# Redundancy check list advice needed



## theoneill (14 Nov 2008)

Hi all

Unfortunately I was placed on protective notice and expect to be made redundant in 4 weeks. There are 12 of us in the same boat with varying amounts of salary and time served.

Also the employer suggested that we all meet as a group to discuss our options.

I could really use some good advice on how to proceed and also how to receive the maximum amount of redundancy possible, judging by the current labour market some of us may be unemployed for some time.

Any help / advice would be much appreciated.

Thanks

Steve


----------



## Calebs Dad (14 Nov 2008)

I would suggest that you take advice on this as there are many factors to consider. It is not just as easy as checklist. Contact your Trade Union etc


----------



## Sue Ellen (14 Nov 2008)

Sorry to hear that you may be losing your job.

There is a previous thread here on redundancy checklist.

This website may be helpful http://www.redundancy.ie/


----------



## D8Lady (14 Nov 2008)

There's a list of information on the [broken link removed]


----------



## theoneill (17 Nov 2008)

Thanks all, I'll be looking into these later.

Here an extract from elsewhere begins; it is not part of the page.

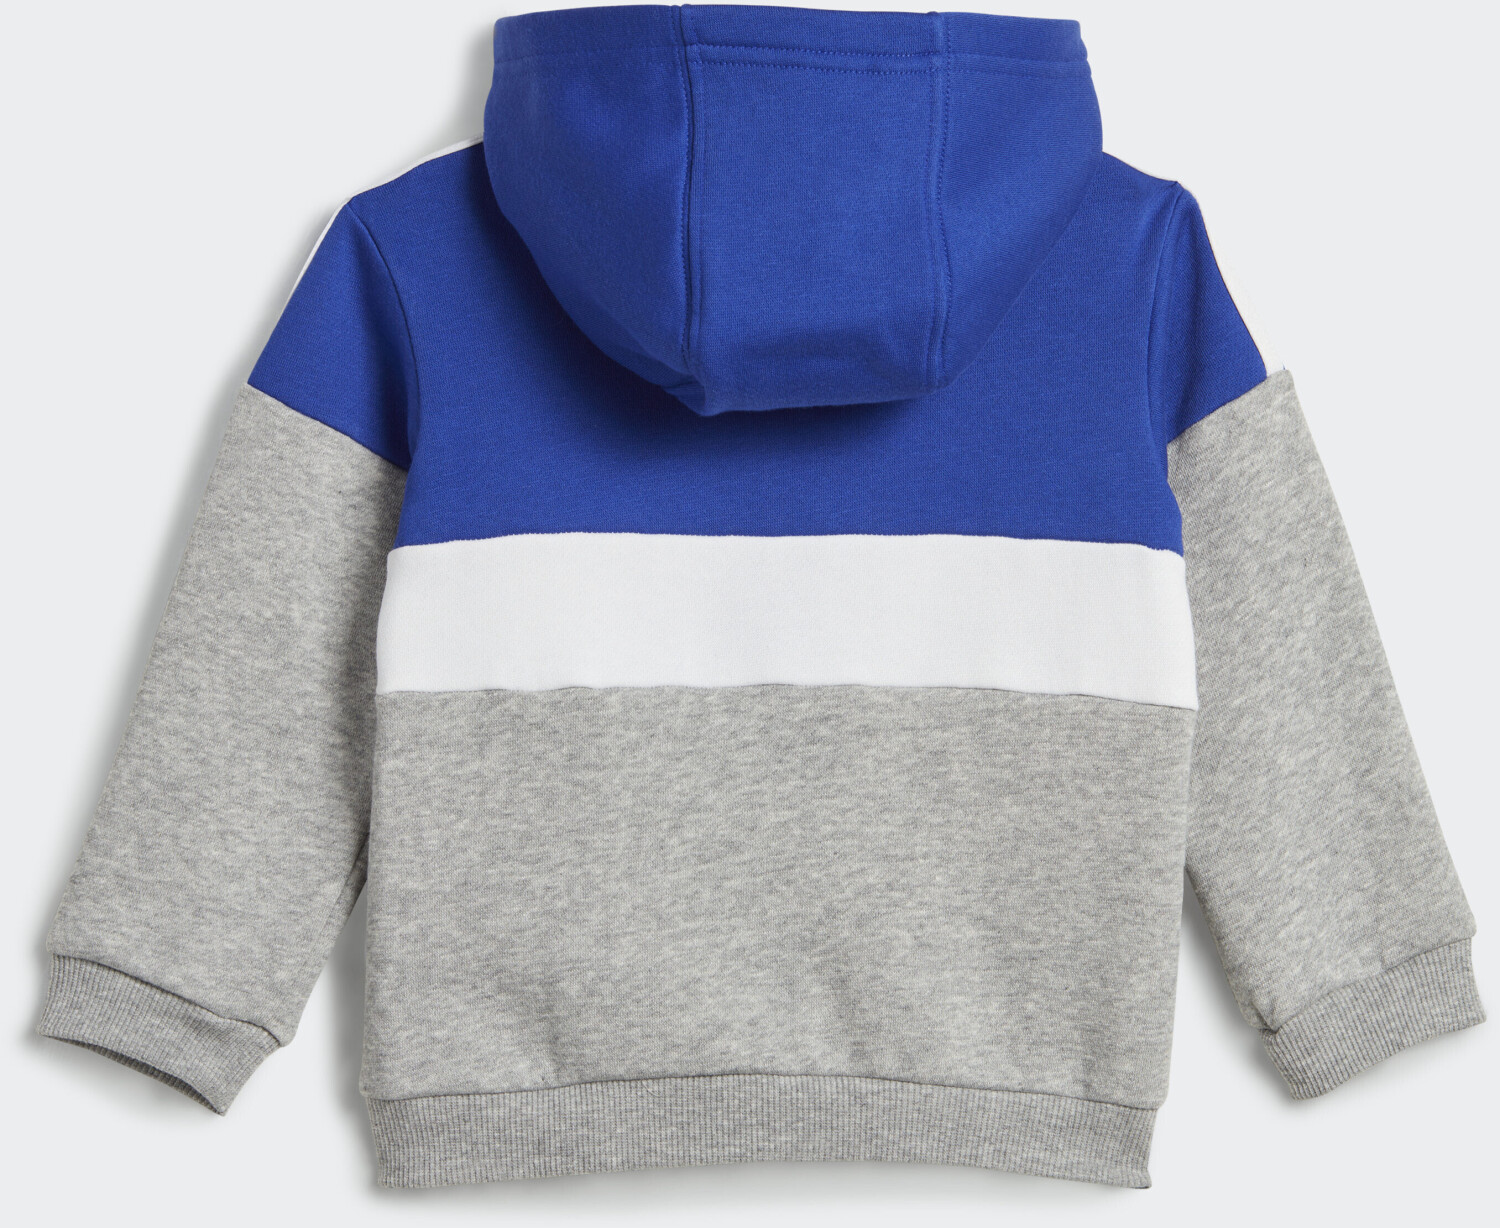 Suit Adidas blue/white/medium 3-Stripes grey Tiberio heather € Colorblock (IJ6323) Preisvergleich 34,00 Kids | Kids ab Track lucid semi bei

Also just one other thing. If any of us get a job before our positions are officially redundant do we forfeit any redundancy payment?


----------



## Black Sheep (17 Nov 2008)

No
Being made redundant has no bearing on whether you get another job in a week or a year. When you are made redundant, job's gone, end of .............  You are entitled to your redundancy.  New job is a seperate issue and has nothing to do with the old one


----------